While the idea itself may be born out of good intentions, one has to wonder just how feasible e-learning would be for families living under the poverty line, or families who live away from the convenience of reliable Internet connection.
For one girl however, the fact that her family lived in a rural area in Sarawak with poor Internet connectivity did not stop her from making the most out of her academics.
In a recent post that was shared by SMK Tinggi Sarikei, a national high school located in the Sarikei area of Sarawak, one of their students, a 13-year-old girl known as Heliyana, was photographed squatting under the sun. Armed with her smartphone in one hand and with her papers on her lap, she was seen working away to complete her examinations under the blazing hot sun.
Why didn’t she work inside her own home instead, you ask?
The Internet in the longhouse that she stayed in was too poor to maintain a consistent connection, forcing her to head outdoors to complete her e-learning.
However, it turns out that Heliyana isn’t the only student facing this problem in SMK Tinggi Sarikei either, as over 20 out of the school’s 850 students have faced difficulties trying to adopt the new norm of e-learning, due to issues faced by a lack of proper Internet connectivity.

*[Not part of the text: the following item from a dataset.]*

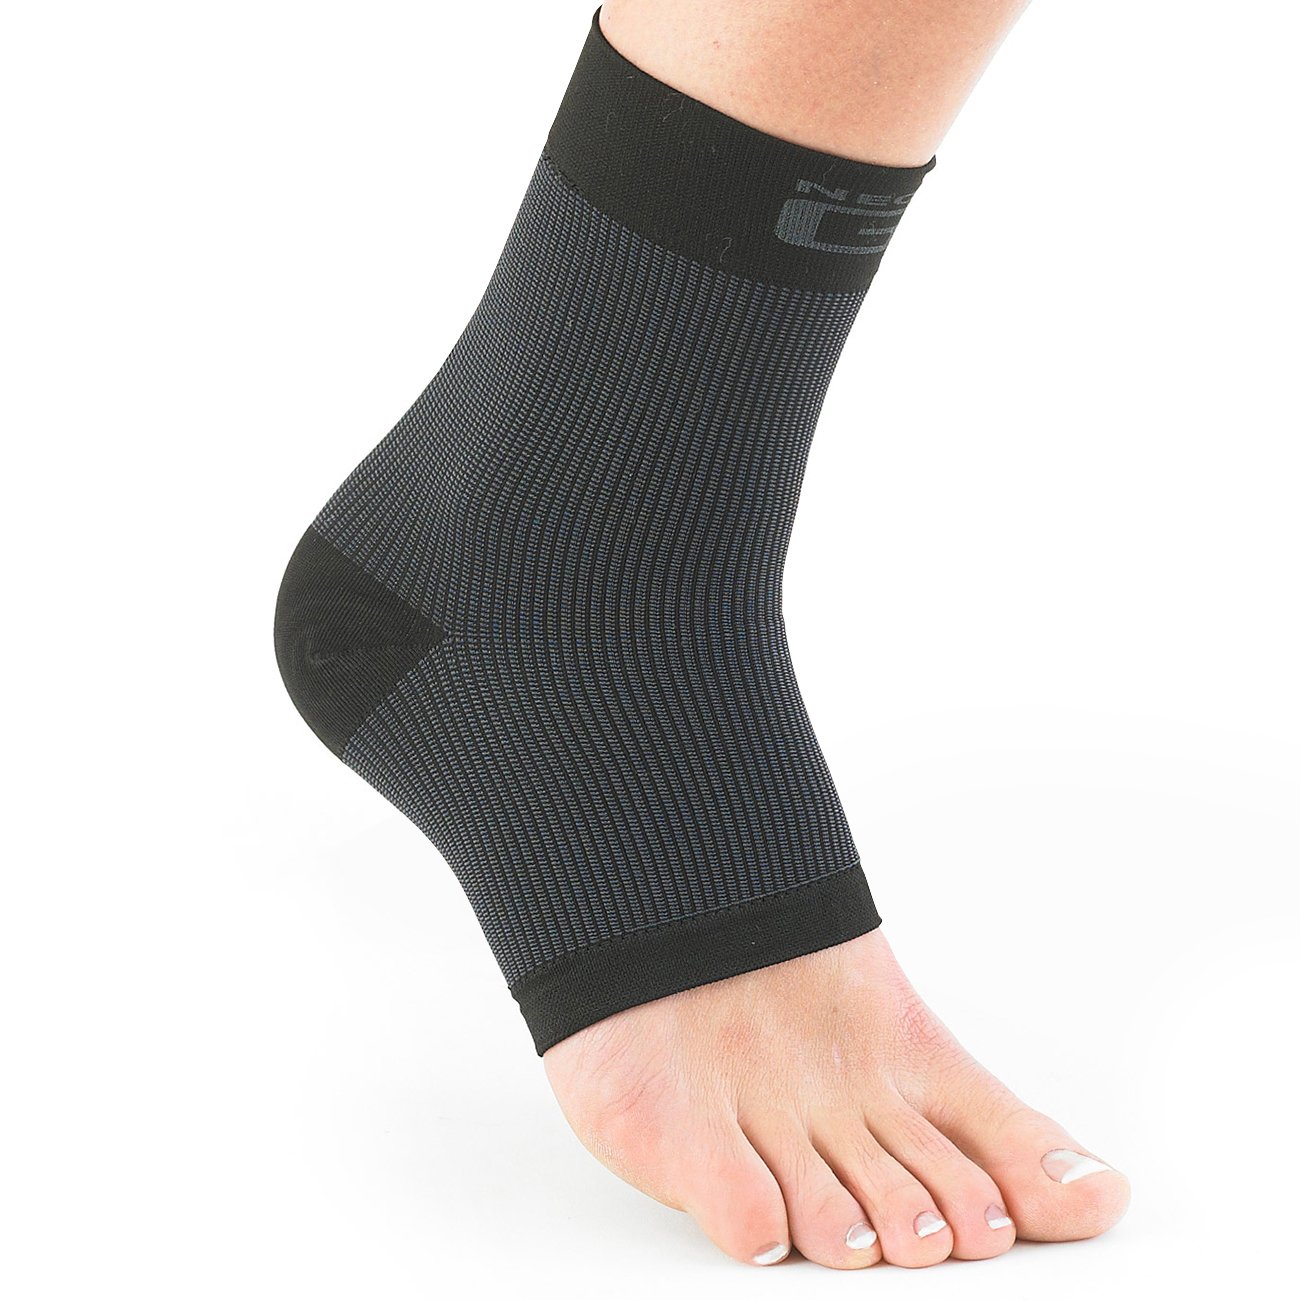 Neo G Airflow Ankle Support - X Large

In fact, one student who doesn’t even own a smartphone and only has a basic phone that can receive SMS messages had to have her exam papers sent to her by a dedicated teacher, who would then receive her answers via SMS.
According to the school’s principal, e-learning has not been easy to implement in rural areas like their own.
“Some children from poor families do not have mobile phones, so they have to use their parents’ mobile phones to study. Sometimes parents do not leave their mobile phones at home. They can only learn their homework in the afternoon or evening.”
However, with the students being both diligent and hard-working, they are willing to go the extra mile to ensure that they continue receiving their education, despite the circumstances.
Which comes to show that in hindsight, we should all learn to appreciate the privileges that we have in life, and remember that we should always lend a hand to those who need it, when we are in a position to do so.
To Heliyana and her friends, we applaud you for your continued efforts to work hard in your academics, and wish you all the best.